「最近は肌寒くなってきたから、雨が降った時は気をつけるんだよ」

 よく彼女にジジ臭いとも言われたが、私は気にせず今日もそう声をかけた。続いて食卓に並んだメニューについて説明したのだが、ふと、彼女が座らないでいるのに気付いた。
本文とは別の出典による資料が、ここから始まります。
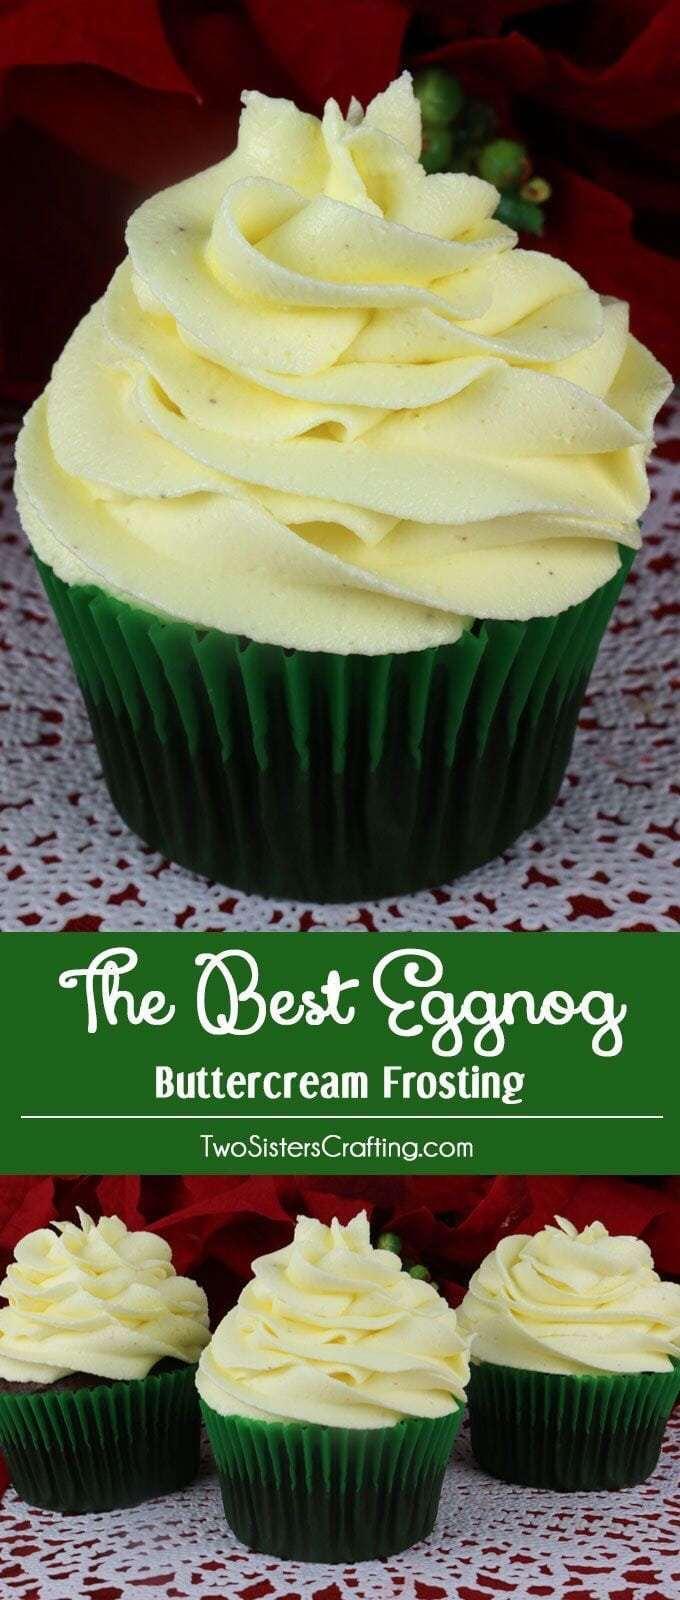 Eggnog butter cream frosting

 見つめ返してみれば、彼女がぼんやりと私の姿を黒曜石のような瞳に映していた。

「どうしたんだい?」

 私が食卓へ着席を促すと、彼女は僅かに首を傾げてみせた。

「あなたって、超が付くお人好しよね。どうしていいか分からなくなる事があって――バカみたいに優しい人ね」

 彼女が唐突に振ってくる言葉は、いまだ理解に難しい事がある。これは出会った時から変わっておらず、私は自分なりに深くは考えないまま相槌を打った。

「褒められているのなら、光栄だね」
「卑屈になっては駄目よ。褒めているのだから」

 子供が出来た時のために、自炊の腕を上げておきたいという彼女の要望から、この食事の習慣も始まっていた。不思議と、私の作った料理はきちんと味覚を感じられるらしい。

 けれど、いつか遠くない日に、その終わりがくるだろう事は互いが予感していた。

 交わす眼差しの僅かな温度の変化を、私達は敏感に悟ってしまってもいた。でもこれは、きっと異性愛ではない。とても近いが、きっと本物には遠い。

「さぁ、食事をしよう」

 私が誘うと、彼女は「そうね」と答えていつもの場所へ座った。そうして、いつものように二人の食事が始まった。

 彼女が私をどう思っているのか、本心を聞き出した事はない。そばにいる事に安心を覚えて肩に寄りかかり、親切や助言を素直に受け取って私の話を聞いたりした。

 食事を済ませた後、私達はいつものようにベッドに腰かけた。

 すぐに話しは始まらなかった。私達は、互いを見つめ合っていた。そうして初めて私が彼女の肩に触れ、丁寧にベッドへ押し倒しても、彼女は驚いたような反応は示さなかった。